Рассказ, казалось бы, не исповедальный, написанный от третьего лица. Про русский характер – да, несомненно. А почему – «про себя»? Что объединяло их, героя и автора? Ведь бакенщик Егор, перебравшийся из ближней деревни в речную сторожку на Оке, явно из тех самых «нутряных парней»: он был «крепок, кадыкаст, немного вял и слегка косолап», и лицо у него было «крупное, рыхлое, неподвижно-сонное и горбоносое»; ко всему на свете Егор относился с равнодушной насмешкой, лениво и оживлялся только в предвкушении выпивки. В минуту слабости сокрушался: «Недоделанный я какой-то! Черт меня делал на пьяной козе!»
И вот в этом столь непрезентабельном герое, с его «бездумно-отчаянными глазами», за его расхлябанностью, развращенностью от легко достающихся ему на перевозе денег, за глупой пьяной бравадой писатель сумел угадать нечто для себя сокровенное… Что же? Какие свои черты (еще и при некотором портретном сходстве) автор «распял» в своем герое? Укоренившуюся на Руси дурную привычку к рюмке? Тоску, возвышающую обоих над царящей скукой жизни?
Повествование в рассказе течет неторопливо, под стать Оке, с ее «глубиной и потаенностью». И так же неспешно спадают пелена за пеленой, прежде чем обнажается подлинный облик Егора.

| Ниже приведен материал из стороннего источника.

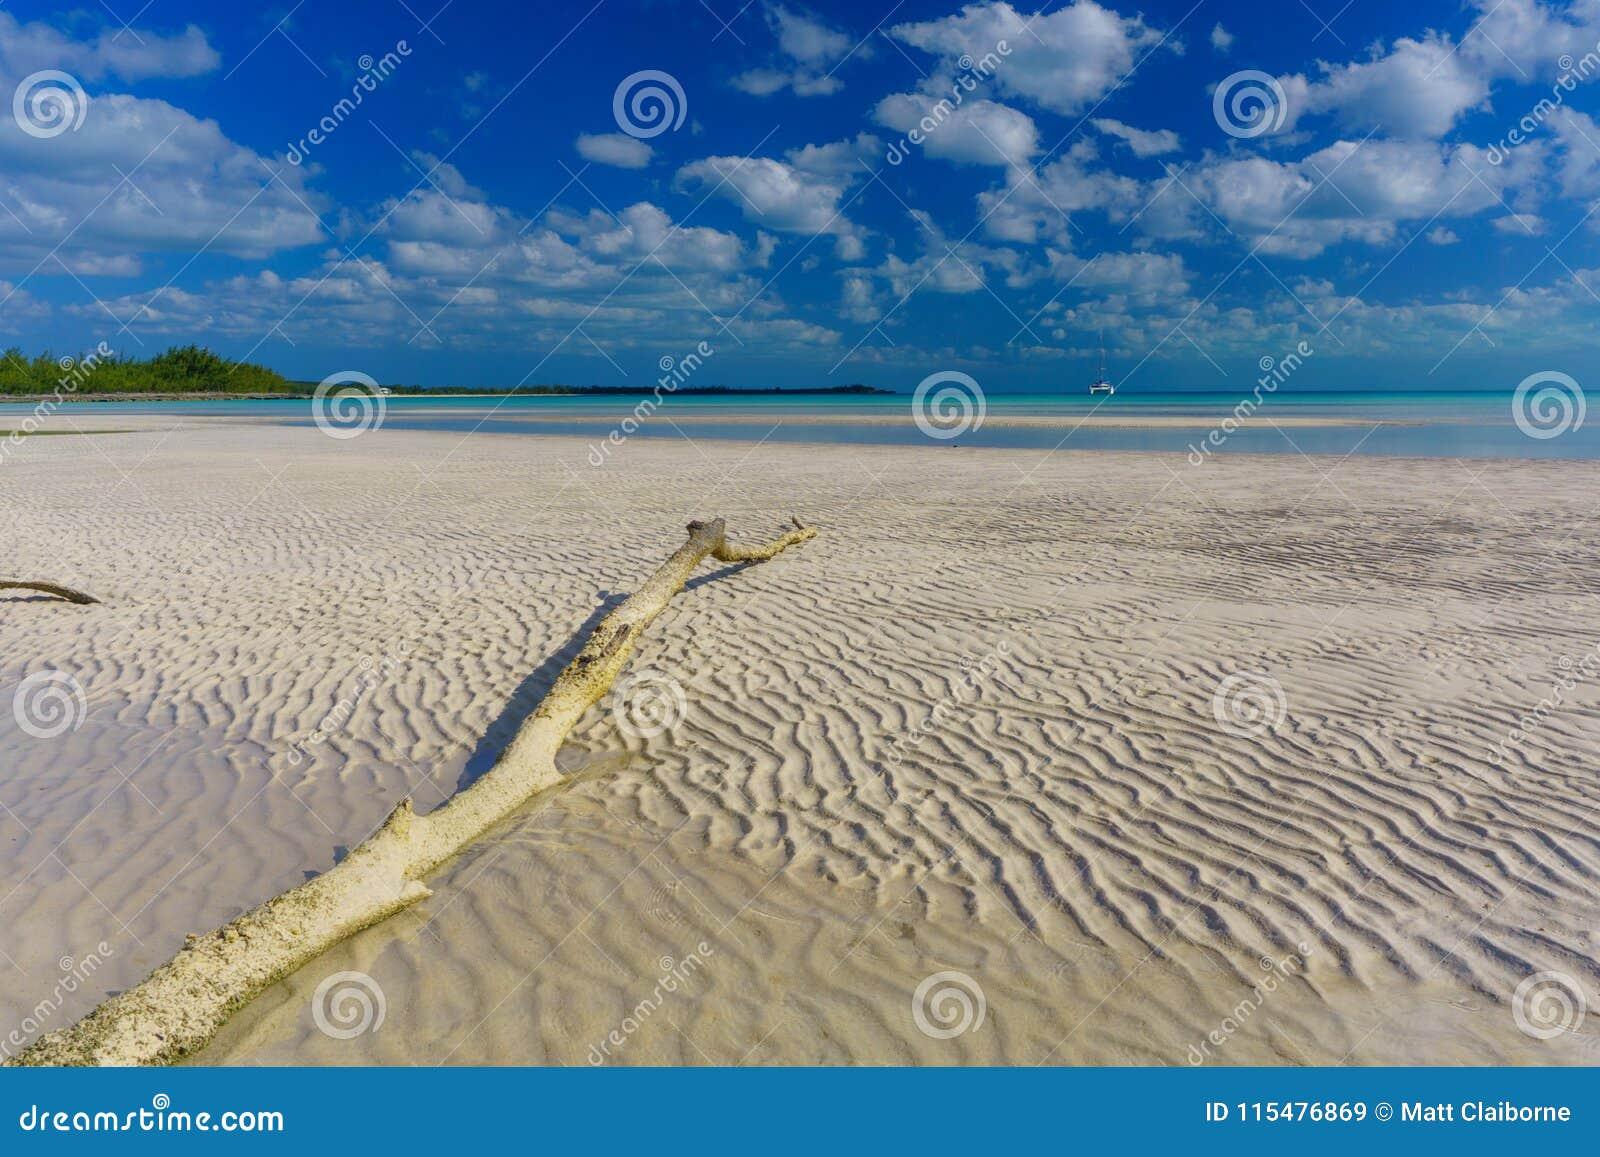 Driftwood i piaska czochry, Tropikalna plaża

Привыкший к уединению, на людях он либо высокомерен до неловкости, либо суетен и чувствует себя не в своей тарелке. Когда в сторожке ночуют проезжие, Егор выглядит ершистым выпивохой, пустым и никчемным, он без зазрения совести врет, что настрелял за зиму триста пятьдесят зайцев. Со случайными гостями он препирается по пустякам, что-то доказывает им во хмелю, пытаясь завоевать у них симпатию и вообще «победить» их во что бы то ни стало. Но Егора, вопреки его стараниям, не принимают всерьез, над ним снисходительно посмеиваются, его нелепое скоморошество ради стакана водки вызывает у городских гостей полупрезрительную жалость. Влюбленная в Егора Аленка в такие моменты стыдится за него и с нетерпением ждет, когда Егор начнет «поражать гостей».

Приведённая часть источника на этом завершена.